Inflammatory Bowel Disease and Urinary Obstruction

Case Study
The patient is an 11-year-old girl who has been complaining of intermittent right lower
quadrant pain and diarrhea for the past year. She is small for her age. Her physical
examination indicates some mild right lower quadrant tenderness and fullness.
Studies Results
Hemoglobin (Hgb), 8.6 g/dL (normal: >12 g/dL)
Hematocrit (Hct), 28% (normal: 31%-43%)
Vitamin B12 level, 68 pg/mL (normal: 100-700 pg/mL)
Meckel scan, No evidence of Meckel diverticulum
D-Xylose absorption, 60 min: 8 mg/dL (normal: >15-20 mg/dL)
120 min: 6 mg/dL (normal: >20 mg/dL)
Lactose tolerance, No change in glucose level (normal: >20 mg/dL rise in
glucose)
Small bowel series, Constriction of multiple segments of the small intestine
Diagnostic Analysis
The child\’s small bowel series is compatible with Crohn disease of the small intestine.
Intestinal absorption is diminished, as indicated by the abnormal D-xylose and lactose
tolerance tests. Absorption is so bad that she cannot absorb vitamin B12. As a result, she has
vitamin B12 deficiency anemia. She was placed on an aggressive immunosuppressive
regimen, and her condition improved significantly. Unfortunately, 2 years later she
experienced unremitting obstructive symptoms and required surgery. One year after surgery,
her gastrointestinal function was normal, and her anemia had resolved. Her growth status
matched her age group. Her absorption tests were normal, as were her B12 levels. Her
immunosuppressive drugs were discontinued, and she is doing well.
Critical Thinking Questions
1. Why was this patient placed on immunosuppressive therapy?
2. Why was the Meckel scan ordered for this patient?
3. What are the clinical differences and treatment options for Ulcerative Colitis and Crohn’s
Disease? (always on boards)
4. What is the prognosis for patients with IBD and what are the follow-up recommendations for managing disease?

Urinary Obstruction
Case Studies
The 57-year-old patient noted urinary hesitancy and a decrease in the force of his urinary
stream for several months. Both had progressively become worse. His physical examination
was essentially negative except for an enlarged prostate, which was bulky and soft.
Studies Results
Routine laboratory studies Within normal limits (WNL)
Intravenous pyelogram (IVP) Mild indentation of the interior aspect of the bladder,
indicating an enlarged prostate
Uroflowmetry with total voided
flow of 225 mL
8 mL/sec (normal: >12 mL/sec)
Cystometry Resting bladder pressure: 35 cm H2O (normal: <40 cm H2O)
Peak bladder pressure: 50 cm H2O (normal: 40-90 cm H2O)
Electromyography of the pelvic
sphincter muscle
Normal resting bladder with a positive tonus limb
Cystoscopy Benign prostatic hypertrophy (BPH)
Prostatic acid phosphatase
(PAP)
0.5 units/L (normal: 0.11-0.60 units/L)
Prostate specific antigen (PSA) 1.0 ng/mL (normal: <4 ng/mL)
Prostate ultrasound Diffusely enlarged prostate; no localized tumor
Diagnostic Analysis
Because of the patient’s symptoms, bladder outlet obstruction was highly suspected.

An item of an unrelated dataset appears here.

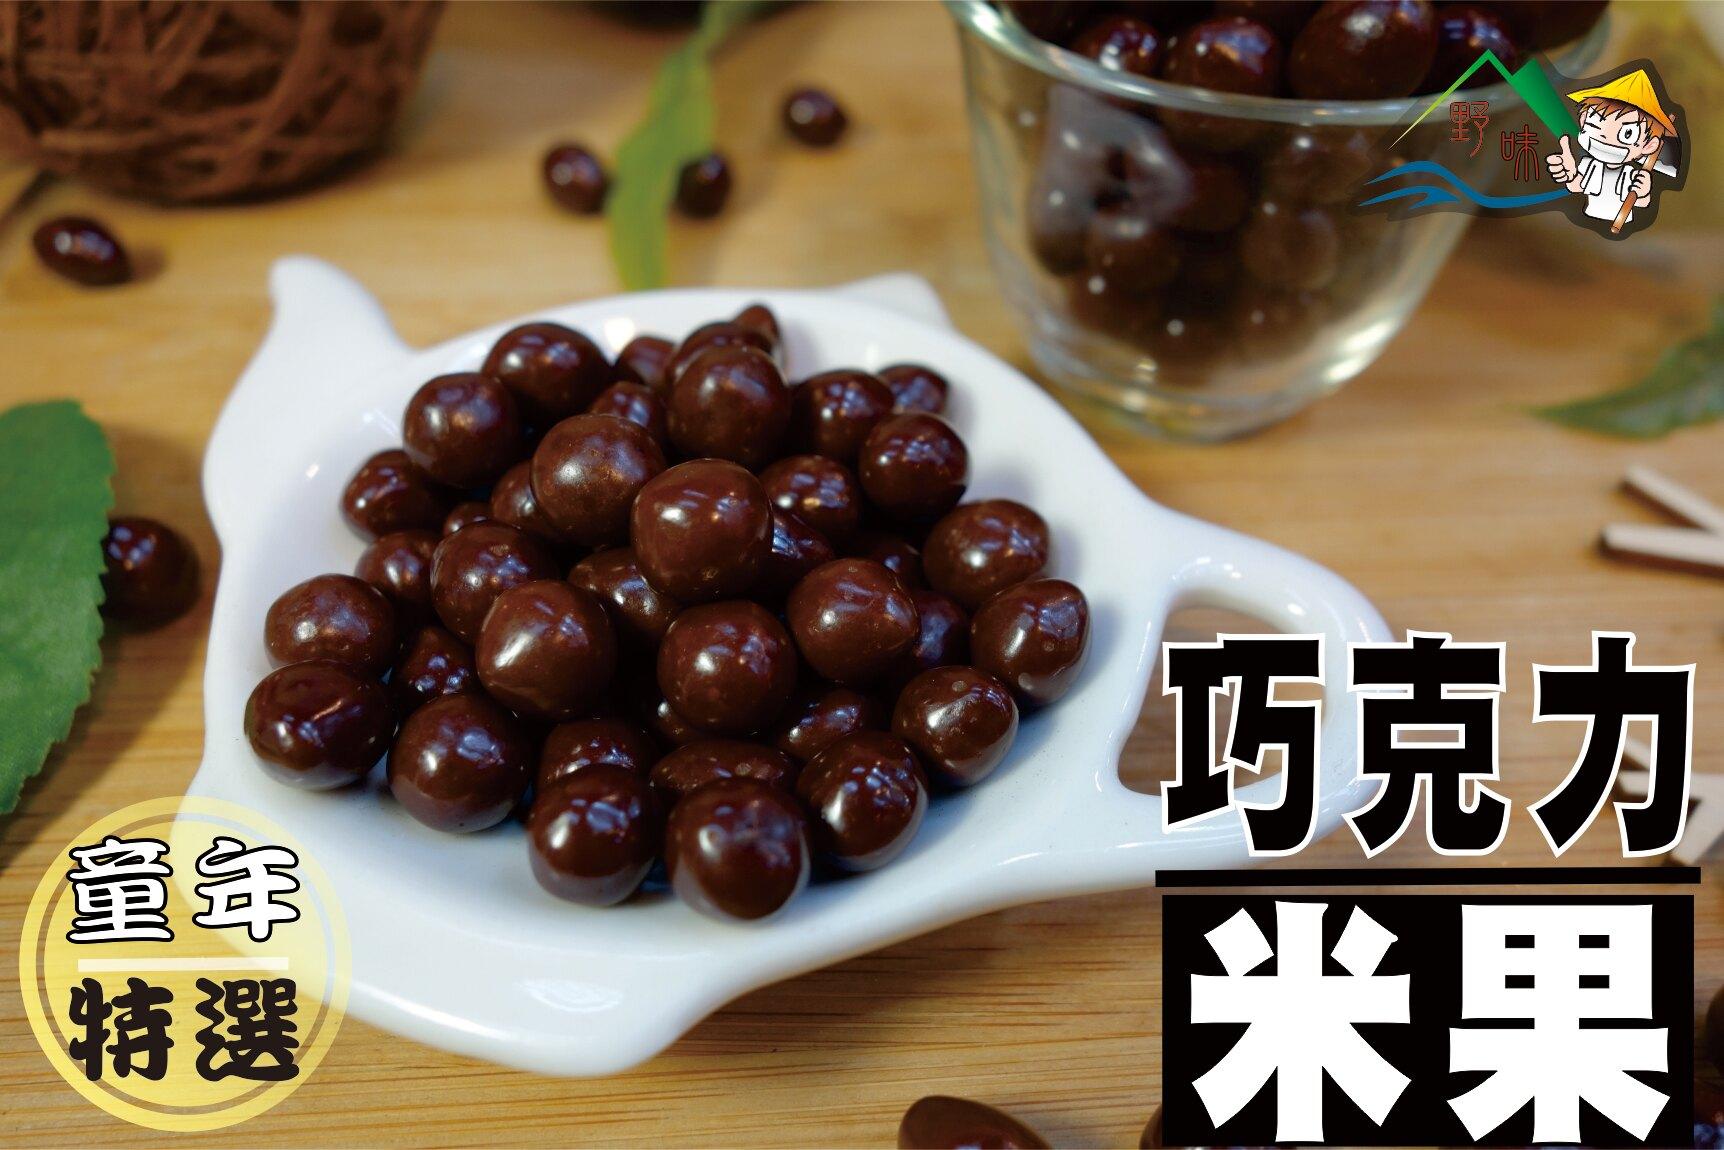 【野味食品】紅蜻蜓 巧克力米果(巧克力米豆,巧克力豆,米菓巧克力) 280g/包,760g/包(桃園實體店面出貨)

Physical
examination indicated an enlarged prostate. IVP studies corroborated that finding. The
reduced urine flow rate indicated an obstruction distal to the urinary bladder. Because the
patient was found to have a normal total voided volume, one could not say that the reduced
flow rate was the result of an inadequately distended bladder. Rather, the bladder was
appropriately distended, yet the flow rate was decreased. This indicated outlet obstruction.
The cystogram indicated that the bladder was capable of mounting an effective pressure and
was not an atonic bladder compatible with neurologic disease. The tonus limb again
indicated the bladder was able to contract. The peak bladder pressure of 50 cm H2O was
normal, again indicating appropriate muscular function of the bladder. Based on these
studies, the patient was diagnosed with a urinary outlet obstruction. The PAP and PSA
indicated benign prostatic hypertrophy (BPH). The ultrasound supported that diagnosis.
Cystoscopy documented that finding, and the patient was appropriately treated by
transurethral resection of the prostate (TURP). This patient did well postoperatively and had
no major problems.
Critical Thinking Questions
1. Does BPH predispose this patient to cancer?
2. Why are patients with BPH at increased risk for urinary tract infections?
3. What would you expect the patient’s PSA level to be after surgery?
4. What is the recommended screening guidelines and treatment for BPH?
5. What are some alternative treatments / natural homeopathic options for treatment?

 

 

Inflammatory Bowel Disease and Urinary Obstruction

Inflammatory Bowel Disease

Why the Patient was Placed on Immunosuppressive Therapy

The patient was placed on immunosuppressive therapy in order to prevent the immune system from causing inflammation because immunosuppressive therapy reduces the activity of the immune system (Boyapati et al., 2018). Crohn’s disease may be treated with drugs that stop the immune system from causing inflammation. This is because Crohn’s disease is an inflammatory chronic disease of the GIT and it is an autoimmune disease that causes the immune system to mistakenly attack healthy body tissues (Boyapati et al., 2018). Therefore, immunosuppressive therapy will decrease the activity of the immune system in attacking healthy body tissues.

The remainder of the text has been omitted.